Redemption sees Bonamassa “at his most ambitious yet as he continues to redefine and push the barriers of blues-rock,” according to a press release. “Crafted with longtime producer Kevin Shirley, it features a collection of 12 songs that weave effortlessly through an assortment of genres and reflect the artistic re-birth that he is currently experiencing.”

Upon closer inspection, we find Bonamassa getting more personal with his music on Redemption. We’ve rarely seen the guitarist as introspective as when he powers his way through these 12 meticulously crafted songs. Full of trademark licks and instantly memorable riffs, the songs push the boundaries of blues-rock to areas we’ve seldom seen explored.

“I’m going through some other stuff in my life I didn’t expect to be going through,” the guitarist told Parade Magazine. “It’s a rising, it’s contrition, it’s acceptance, it’s everything. It’s painful, but knowing that there’s a rising coming. We made a record called Blues of Desperation and this seemed to be the next logical step. To look inward before looking outward. Sometimes you have to blame yourself before you can blame others. And that’s kind of the frame of mind I’ve been in for the last year or so.”

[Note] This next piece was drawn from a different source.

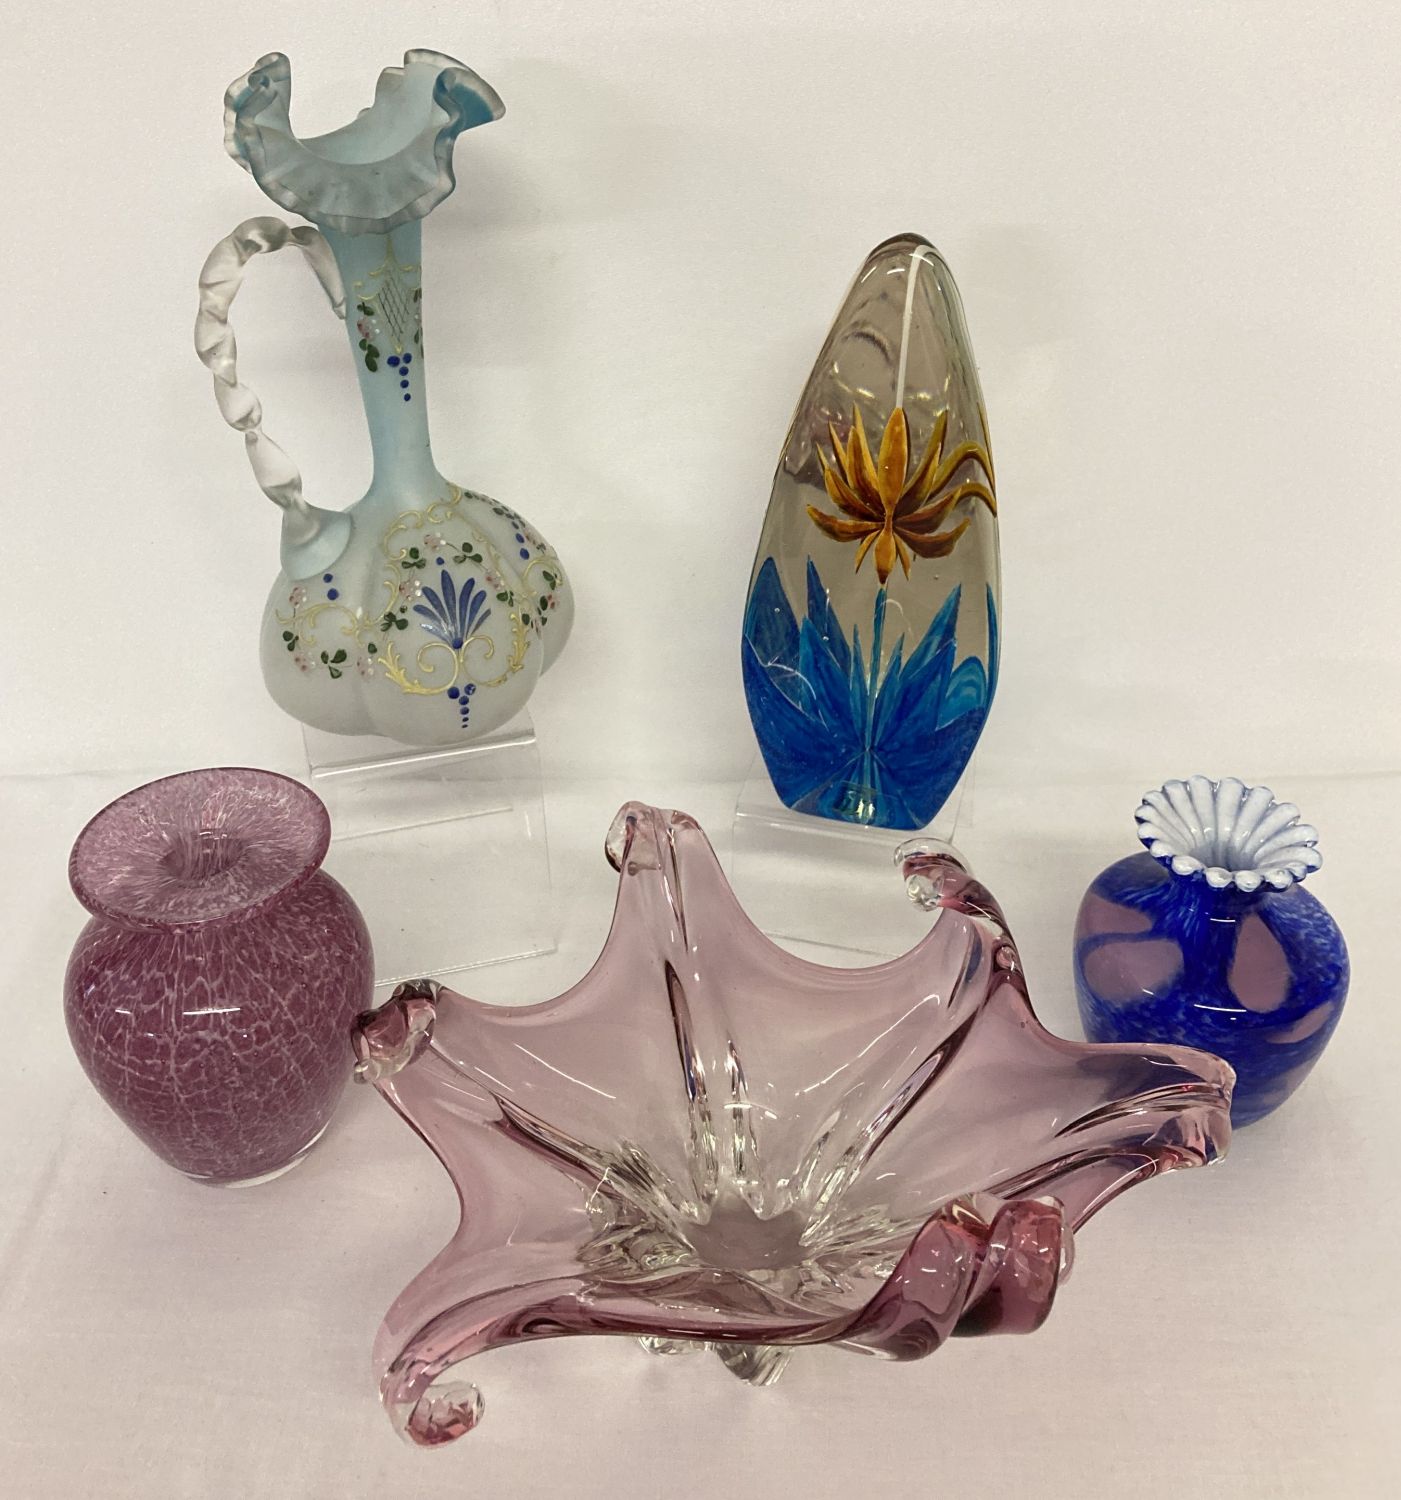 5 pieces of glass ware to include Caithness and Maltese style vases.

If it seems like Bonamassa is almost always on the road, it’s because he is almost always on the road. The guitarist plays 200 or more shows per year at venues all around the world. Fortunately for fans, he never seems to tire of the routine. An enthusiastic performer, his live shows are the main reason Bonamassa has been able to enjoy career longevity. He has risen from a 12-year-old child star opening for B.B King to a universally admired performer to a “must-see” act over the years. The proof is in the numbers: concert insider Pollstar recently lists him as one of the top 50 highest-grossing live acts in the world for 2018.

Bonamassa isn’t just a musical talent; the man has business sense as well. With a foresight in looking at the rapidly changing music industry, Bonamassa six years ago formed J&R Adventures with his manager, Roy Weiss, to preserve his interests.

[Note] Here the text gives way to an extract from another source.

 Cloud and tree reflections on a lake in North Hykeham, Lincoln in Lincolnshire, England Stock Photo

“Roy and I go back 25 years,” he told Classic Rock Revisited. “His business strategy was to build a high-end brand thing. We’ve been very protective of that. We very rarely do festival dates and very rarely do we play outside of our own sandbox. Over the course of ten years, I am seeing deals done with major labels and major concert promoters that marginalize someone’s brand. You’re starting to see it now with rumors that all Live Nation concerts will be streamed live on YouTube next year.”

“On paper it makes millennials shout from the rooftops about how great they are,” he continued. “Truth be told, it is like handing an artist a shovel, a plot of land, and a gun. They are not only going to knock you out but they are going to make you dig your own grave first. The article I read showed that the bands are all excited about it. That is some good Kool-Aid.”

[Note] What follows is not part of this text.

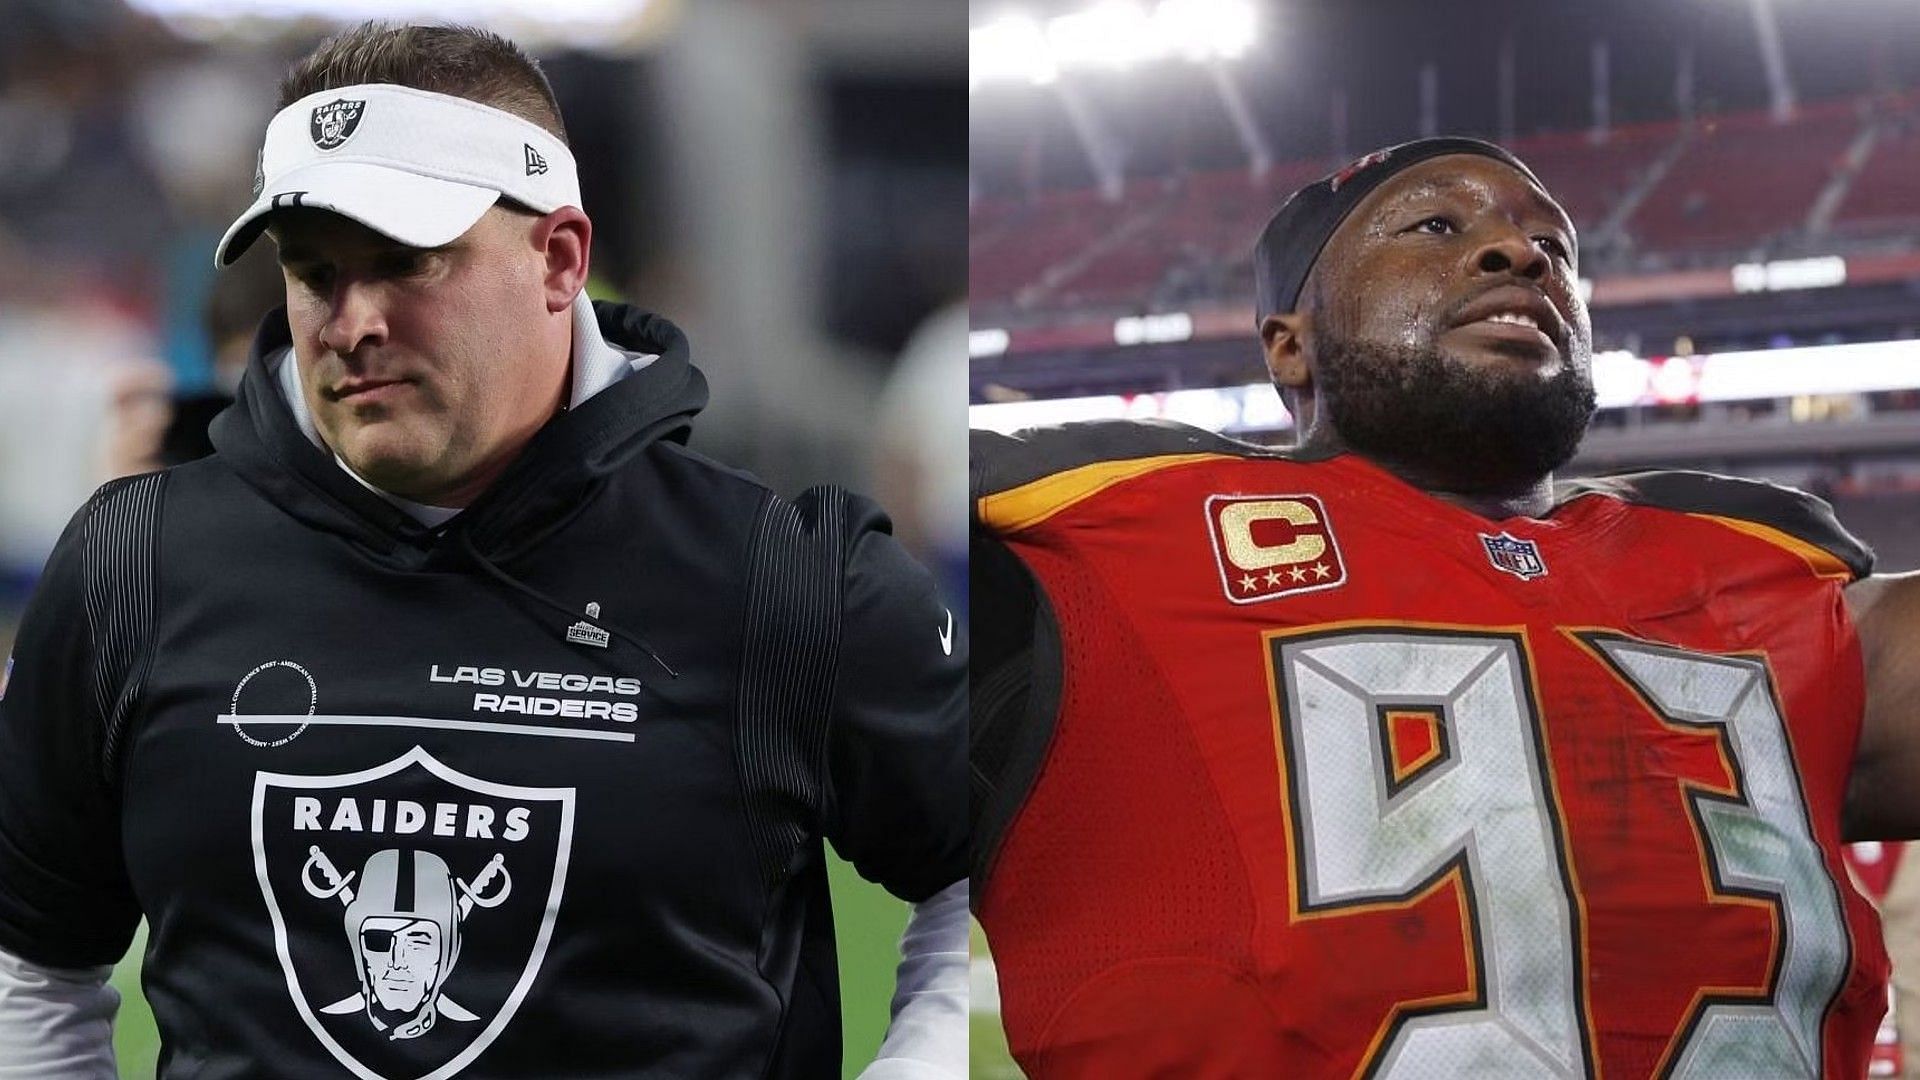 Gerald McCoy compares Josh McDaniels to the wicked witch from The Wizard of Oz

To his credit, Bonamassa continues to forge ahead and plans to continue the business model that helped him become as successful as he has over the years, and that includes continuing to play live shows whenever he can with as much enthusiasm as he can.

“Musically, my theory is that you’ve always got to go out there and play with fire. Play like it is your last show and make them notice you. That has not changed in my entire career, 27 years on. I have to go out and make an impression. During those lean years in the early 2000s, well, I look back at those times and it was a lot of fun. It was a struggle, but we were working towards something. At that time, our backs were against the wall on every show of every tour. We didn’t have enough money to get from Point A to Point B. Now, I have four tour buses and two semi-trucks. That is self-made, you know.”

Whether you’re a classic rock fan, a blues fan, or just a music fan, if you’ve never seen Bonamassa live before, you should take the opportunity to experience this guitar great for yourself. After seeing him fly around the fret board for two hours or so, you’ll be wondering why you waited so long. Bonamassa is a living guitar hero who loves to play in front of his Fort Wayne fans, who usually help bring out the best in him.